宁以沫忽然发现,灯影下的父亲,脸颊已深深地凹陷了下去,枯瘦得叫人心惊。
“爸……”宁以沫强忍着眼泪,叫了他一声。
宁志伟勉强一笑,咳着说:“吃了吗?检查费了点时间,没能赶得及给你做晚饭。”
宁以沫的眼泪刷地滚了下来,哽咽着说:“吃了。”
“我看看我的乖女儿都给自己做了些什么。”宁志伟走到饭桌前一看,“做得可真清爽!爸爸把饭菜热一热,你跟我一起再吃点。”
见宁以沫站着不动,含泪望着他,他伸手抚了抚她的脑袋:“傻孩子,用这种眼神看爸爸干什么?检查结果出来了,不怎么好,是慢性支气管炎,以后一年只怕有大半年要咳嗽了!”
见宁以沫还有些似信非信,他拿出一本病历,翻开说:“你帮爸爸看看,医生都写了些什么,龙飞凤舞的,看都看不清楚。”
宁以沫接过那本第二人民医院的病历翻开一看,上面确实写着爸爸得的是慢性支气管炎,只开了些镇咳消炎的药。病历末尾,还有医生“唐易德”的签名。
宁以沫终于放了心,一下子扑进爸爸怀里大声哭了起来。他身上混杂了一些味道,算不得好闻,但那是她闻了十几年的,属于爸爸的味道,只要这种味道在,她就会觉得很安心。
那天晚上,宁以沫睡得很安稳。半夜时,她感觉有人轻轻地摩挲着她的脸,那种感觉让她觉得幸福,嘴角微微一扬,遂又坠入更深的睡眠里了。
清晨醒来时,宁以沫怔怔地坐在床上发呆,暗暗纳罕为什么前段时间自己竟会有那么强烈的不祥预感,总觉得爸爸会离开自己。
到了学校后,宁以沫把爸爸的事情告诉了辜江宁,辜江宁听完,下意识地问了一句:“只看到病历?”
宁以沫点了点头,不解地问:“只看到病历又怎么了?”
辜江宁眸光暗了暗,说:“没什么……你没看到医生开了什么药?”
宁以沫回忆了一下,将药的名字一一道来,辜江宁听了,点头不语。两人闲聊了几句别的,上课铃便响了。

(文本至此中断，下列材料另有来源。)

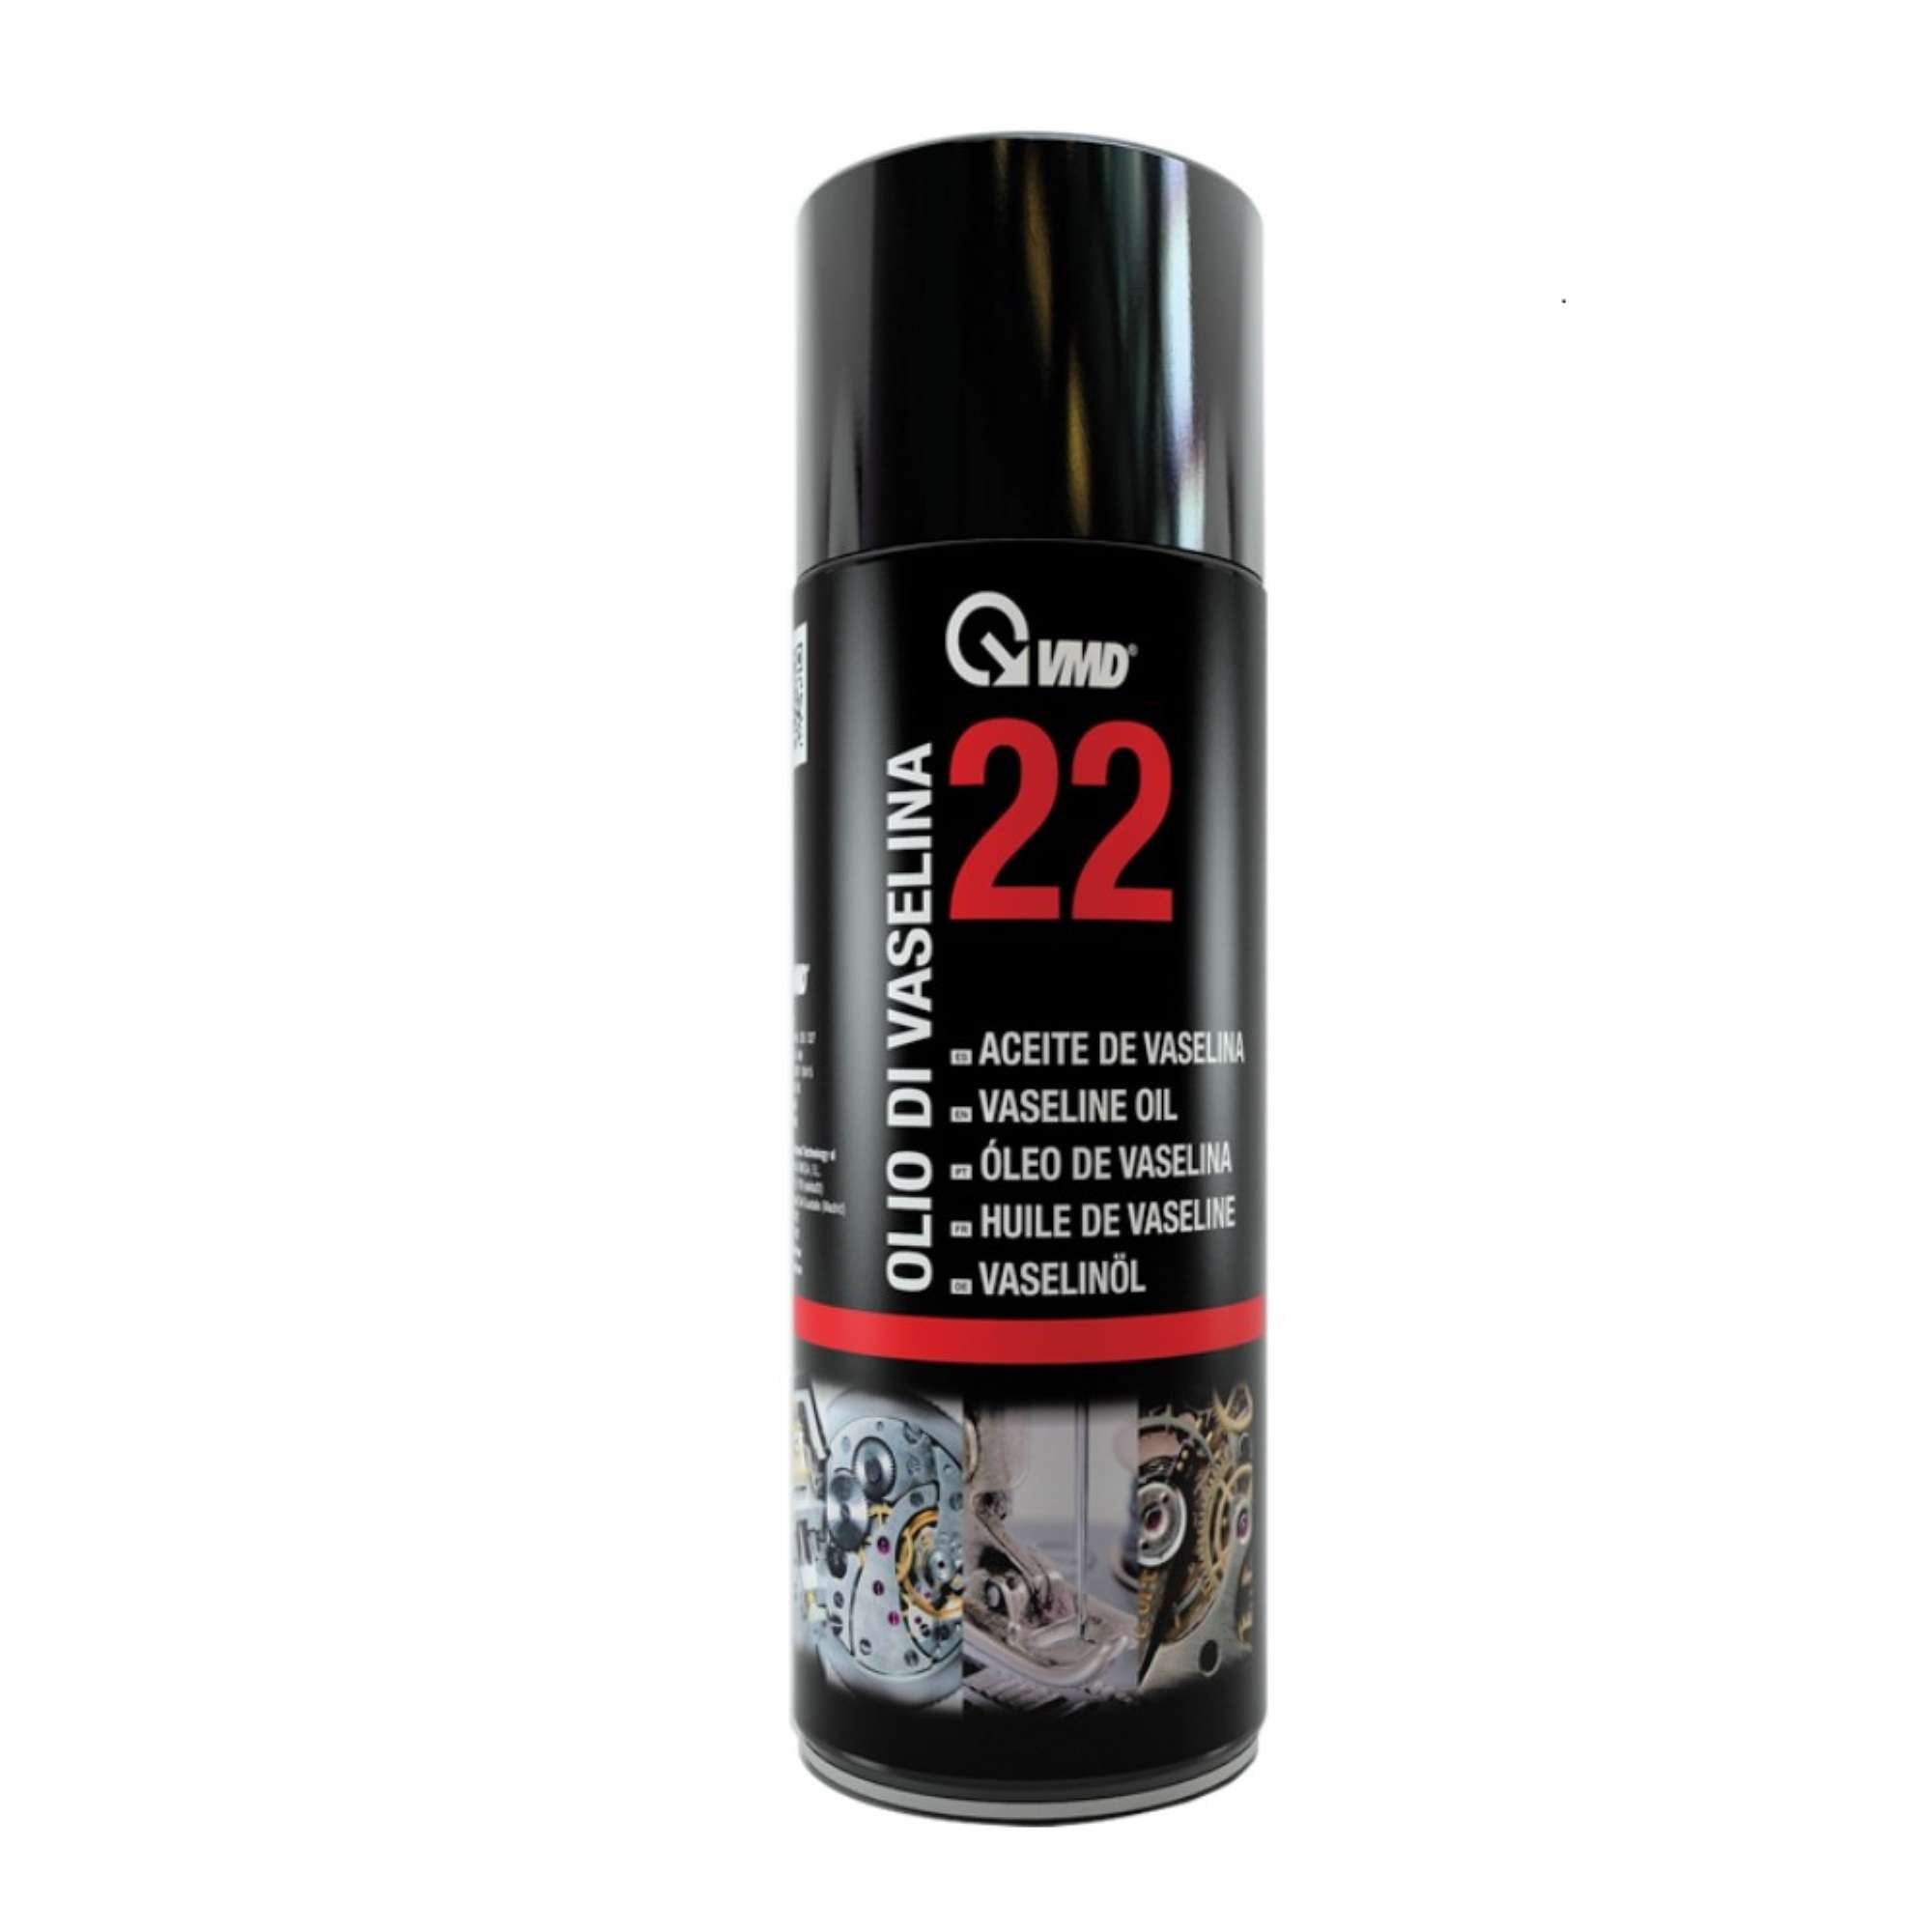 Vaseline oil spray 400ml - VMD 22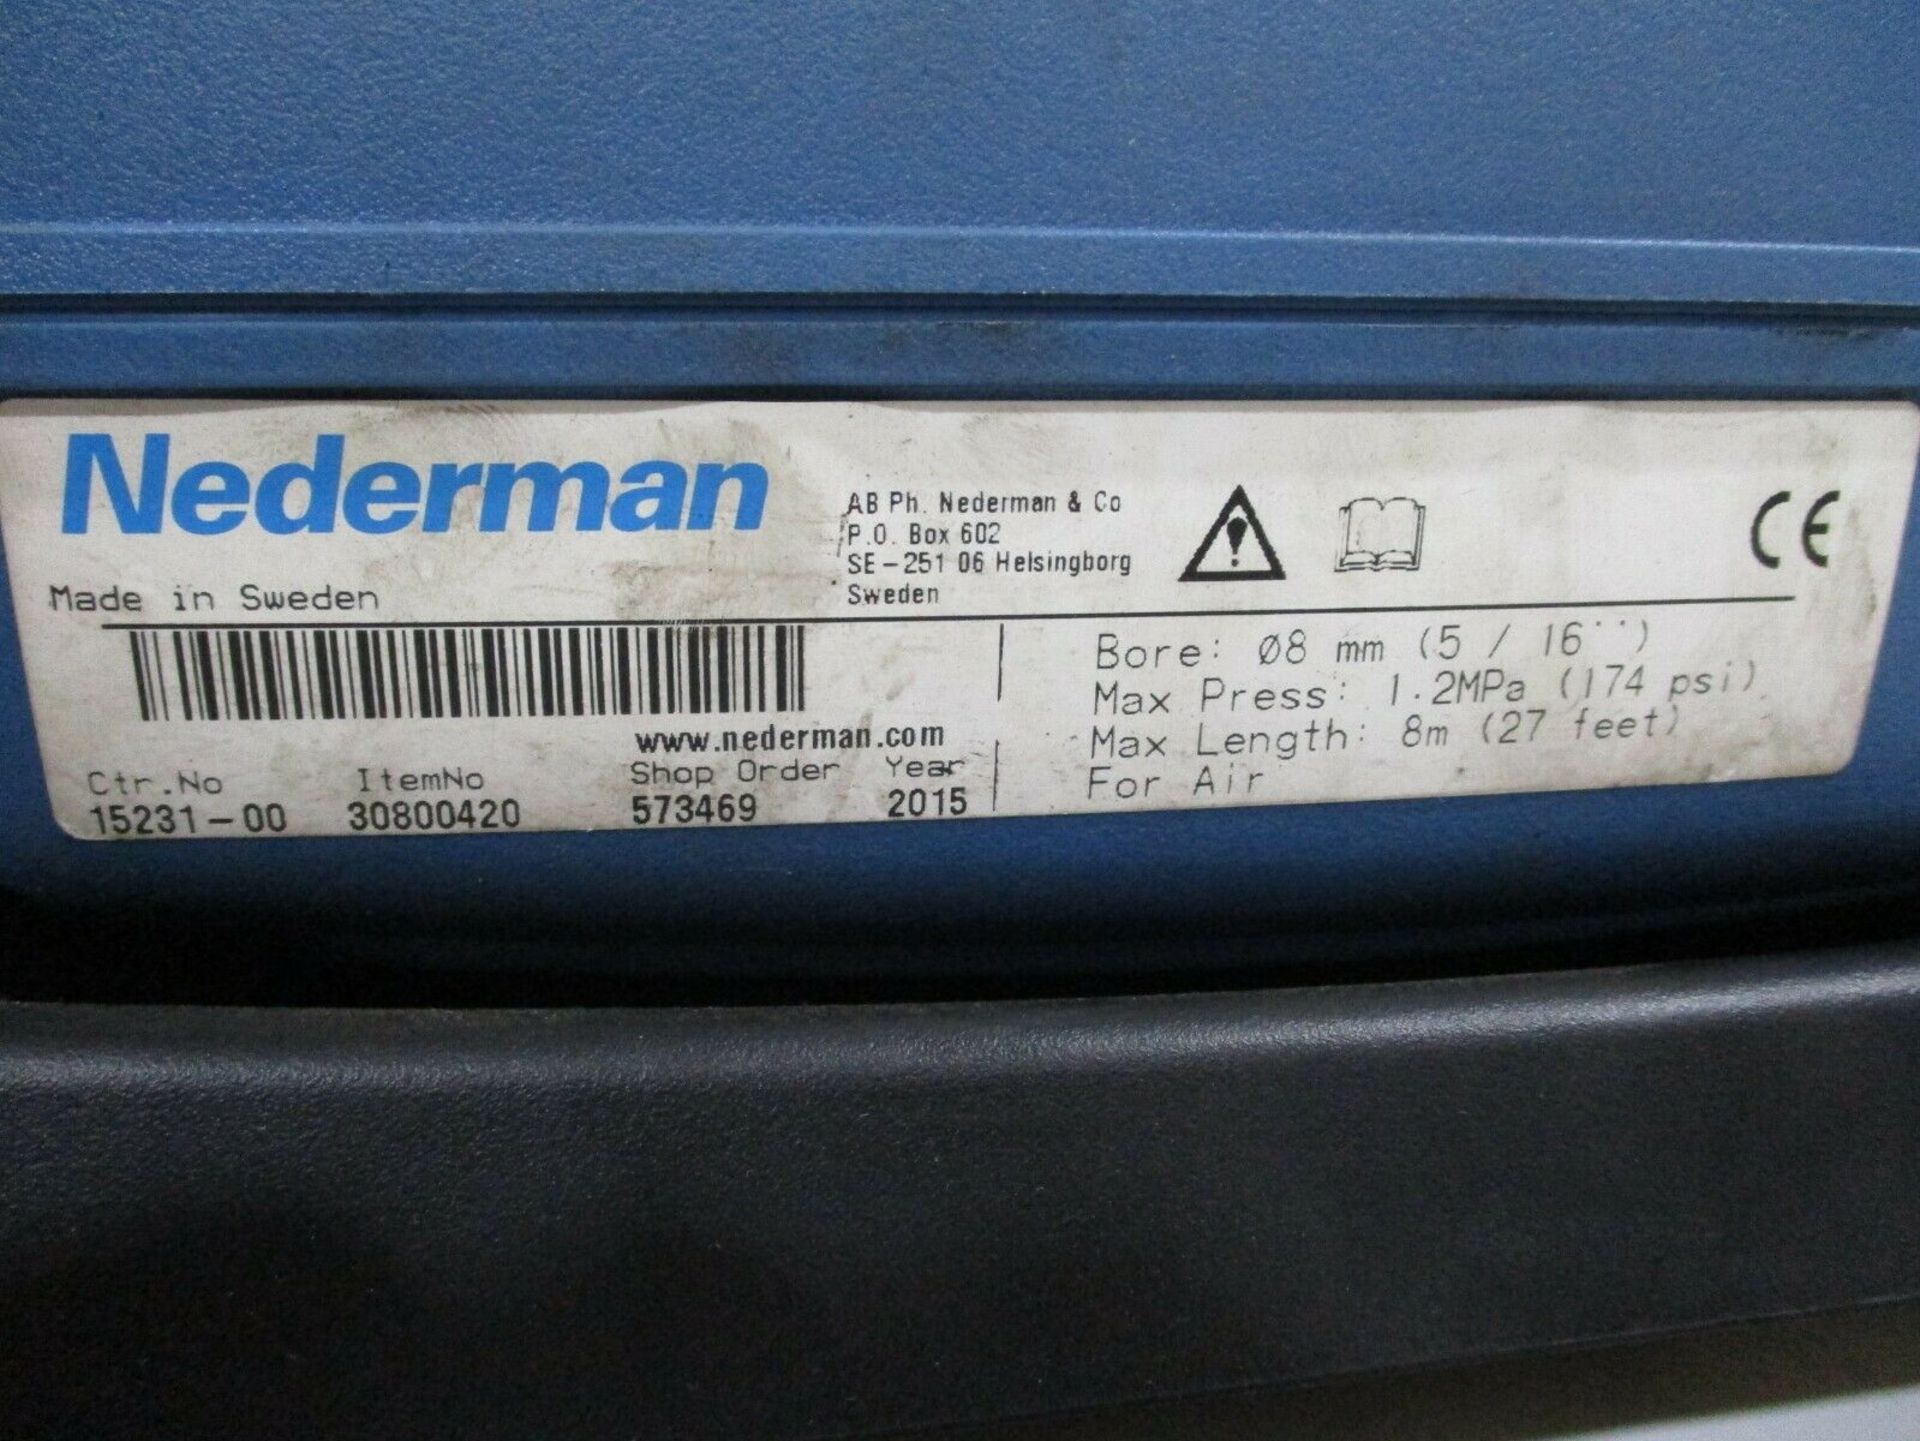 Nederman H20 Air Hose & Cable Reel - 8mm Hose, 8m Long - Image 3 of 3

又过了几日,宁以沫和许荔一起去新华书店买书,回来等公交车时,忽然看见一个人骑自行车载着花圈从她面前驶过,原本是极平常的画面,可不知怎么的,她的心骤然一跳,吓得脸都白了。
她失魂落魄地回到家后,默默地爬到床上,抱着被子缩在角落里,咬着被角,悄无声息地哭泣。
她痛恨自己的疑神疑鬼,可是她没办法驱散心头漂浮着的阴霾,她觉得自己快崩溃了,她给自己找了很多理由证明爸爸会好好地跟她在一起,比如那本病历。可是,那种不好的预感如一条无形的巨蟒,紧紧地缠绕着她,让她透不过气来——直到那个预感变成现实。
宁志伟死于一场大火。
初冬,他负责看守的仓库半夜突发火灾,他是第一个发现火险的。在没有任何保障措施的情况下,他拎着灭火器,一次次地冲进滚滚浓烟中,抑制了火情。然而等到消防官兵赶来的时候,他已经被烈火烧得不成人形。
所有人都说他用生命保护了国家财产,组织上将他追认为烈士。宁以沫一夜之间成了烈士遗孤。根据《烈士褒扬条例》,宁以沫一次性获得烈士褒扬金、抚恤金三十多万,每月定期享受一千多元的生活补助。
因为宁以沫的情况特殊,作为孤儿的她,既无法留在大院的职工房里继续居住,也没有别的去路,组织上开会商量了好几次都没有敲定如何安置她。
就在这时,辜振捷提出了收养宁以沫。
组织上一致认为这是最好的结果,此事便就此定论。
就收养宁以沫一事,辜振捷和徐曼狠狠地吵了一架,面对徐曼的不满,辜振捷恼道:“老宁五年前,他运输物资去西藏,一辆军车出故障,是他强忍着高原反应,冒着零下十几摄氏度的低温钻进泥水里,在车底一个零件一个零件地检查,排除了故障,这才落下了肺病!现在他为国家牺牲了,留下以沫这样一个孩子,无论出于什么考虑,我都要收养她!徐曼同志,你也是军人,你应该有对革命烈士有最起码的尊重,和做人最起码的良心。”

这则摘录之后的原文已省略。